Viazovska, 37, is only the second female Fields Medalist, after the Iranian Maryam Mirzakhani in 2014.
Fields Medal
The Fields Medal is awarded every four years to one or more mathematicians under the age of 40 in recognition of “outstanding mathematical achievement for existing work and for the promise of future achievement”.
The winners are announced at the International Congress of Mathematicians (ICM), which was supposed to be held in Russia this year, but was moved to Helsinki.
The honour carries a physical medal of 14K gold, 63.5 mm in diameter and weighing 169 g, and with a unit price of approximately 5,500 Canadian dollars, according to the IMU website. There is also a cash award of CAD 15,000.
The obverse of the medal is embossed with the head of Archimedes facing right, and the Latin words “Transire suum pectus mundoque potiri”, translated as “To pass beyond your understanding and make yourself master of the universe”.
The reverse has the inscription “Congregati ex toto orbe mathematici ob scripta insignia tribuere”, or “The mathematicians having congregated from the whole world awarded (this medal) because of outstanding writings”.
History of the Medal
According to the IMU website, the 1924 ICM in Toronto adopted a resolution that at each conference, two gold medals would be awarded to recognise outstanding mathematical achievement.

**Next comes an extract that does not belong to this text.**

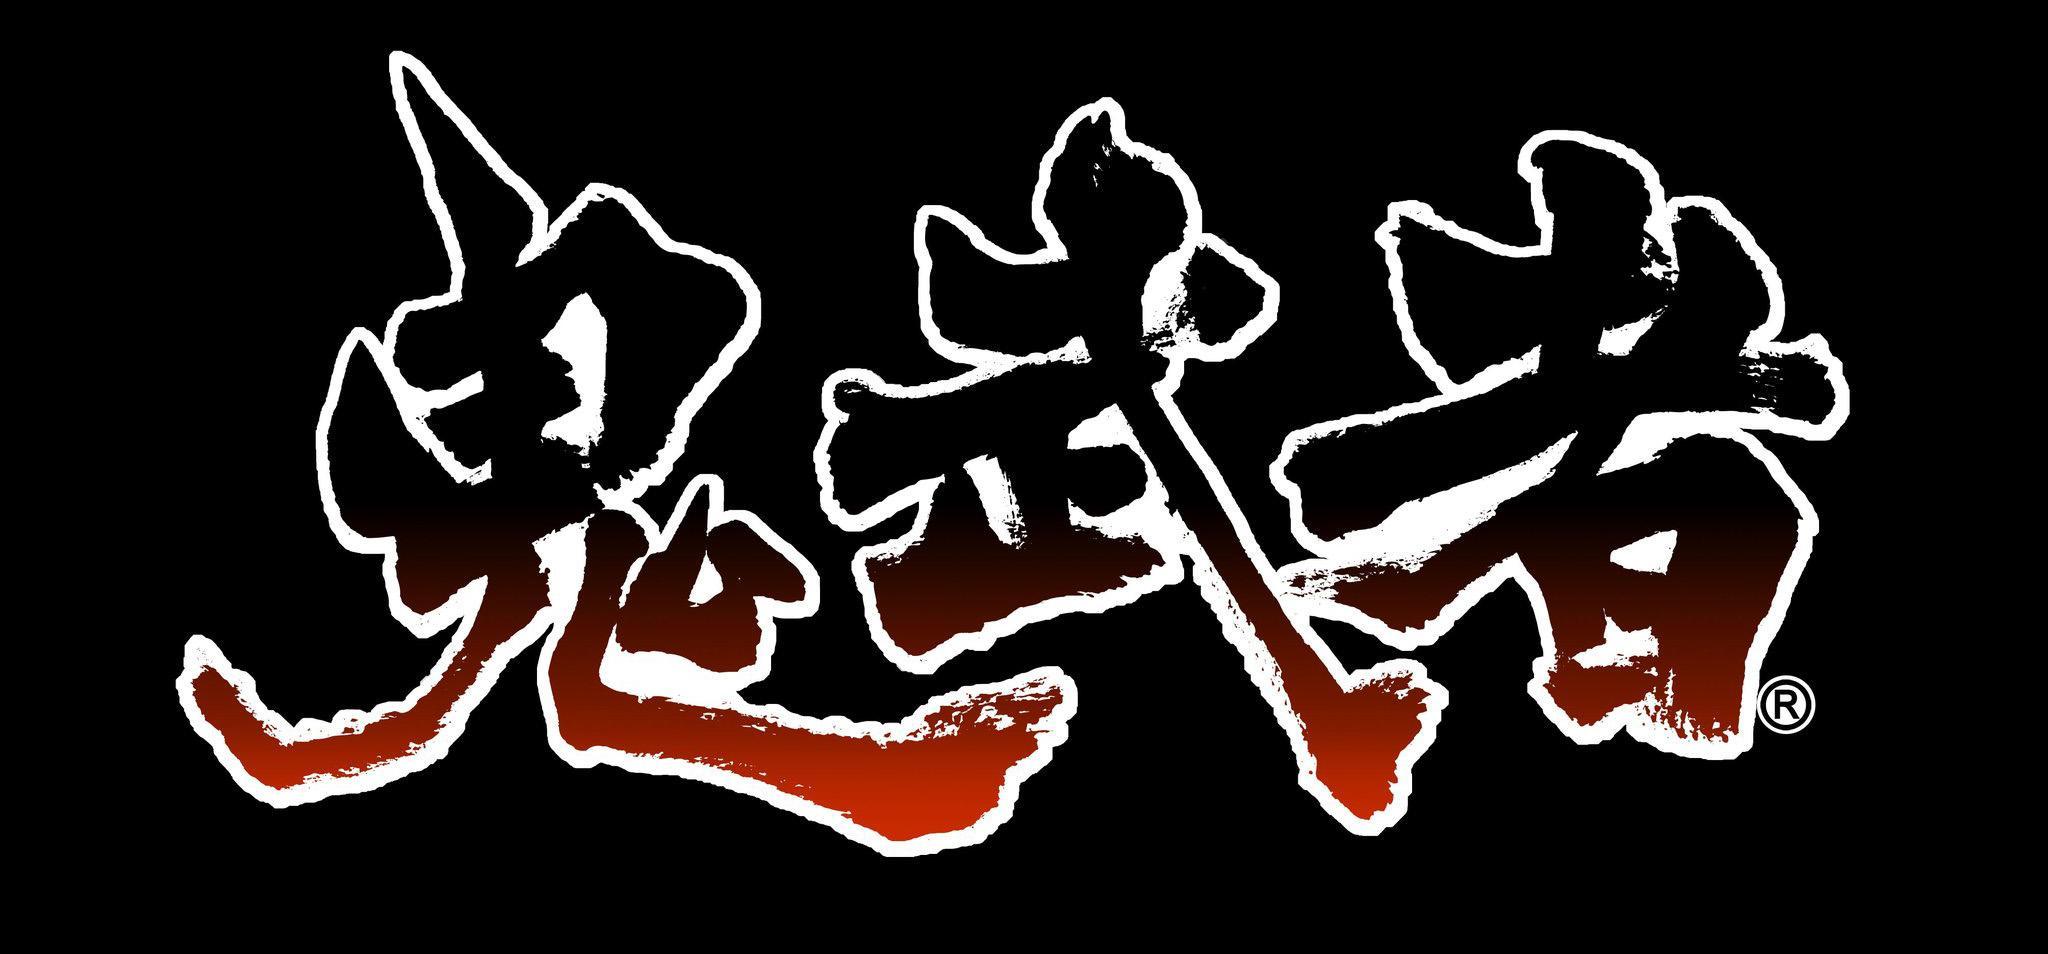 《鬼武者》重制版首部预告 全新要素发售日正式公开

The Canadian mathematician Prof J C Fields, who was secretary of the 1924 Congress, later donated funds to establish the medals, which were named in his honour. In 1966, it was agreed that, in light of the great expansion of mathematical research, up to four medals could be awarded at each Congress, the IMU says.

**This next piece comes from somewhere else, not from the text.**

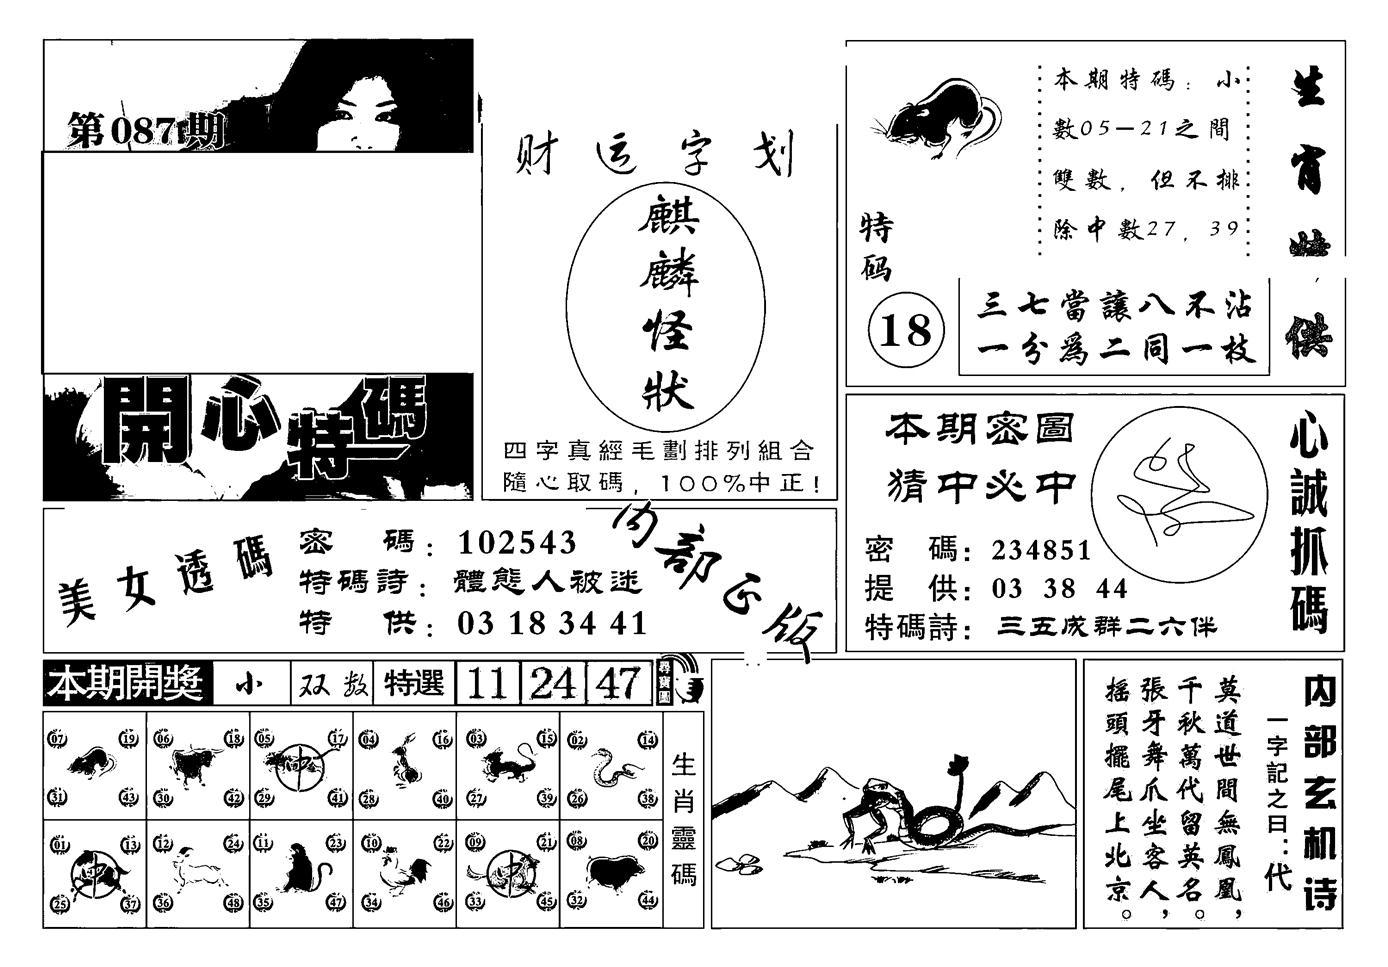 087期白姐猛料(黑白)

The Fields Medal Symposium is organised by the Fields Institute, Toronto, Canada. “The goals of the program for the Fields Medal Symposium are to present the work of a Fields Medalist and its impact, to explore the potential for future directions and areas of its influence, to provide inspiration to the next generations of mathematicians and scientists, as well as to present the Medalist to a broader public,” the IMU says.
Indian-origin winners
Among the more than 60 mathematicians who have been awarded the Fields Medal since 1936, there are two of Indian origin — Akshay Venkatesh of the Institute for Advanced Study at Princeton, who won in 2018, the last time the honour was announced, and Manjul Bhargava of the Department of Mathematics at Princeton University, in 2014.
According to the IMU, Venkatesh was awarded the Medal “for his synthesis of analytic number theory, homogeneous dynamics, topology, and representation theory, which has resolved long-standing problems in areas such as the equidistribution of arithmetic objects”.
Bhargava was honoured for “developing powerful new methods in the geometry of numbers, which he applied to count rings of small rank and to bound the average rank of elliptic curves”.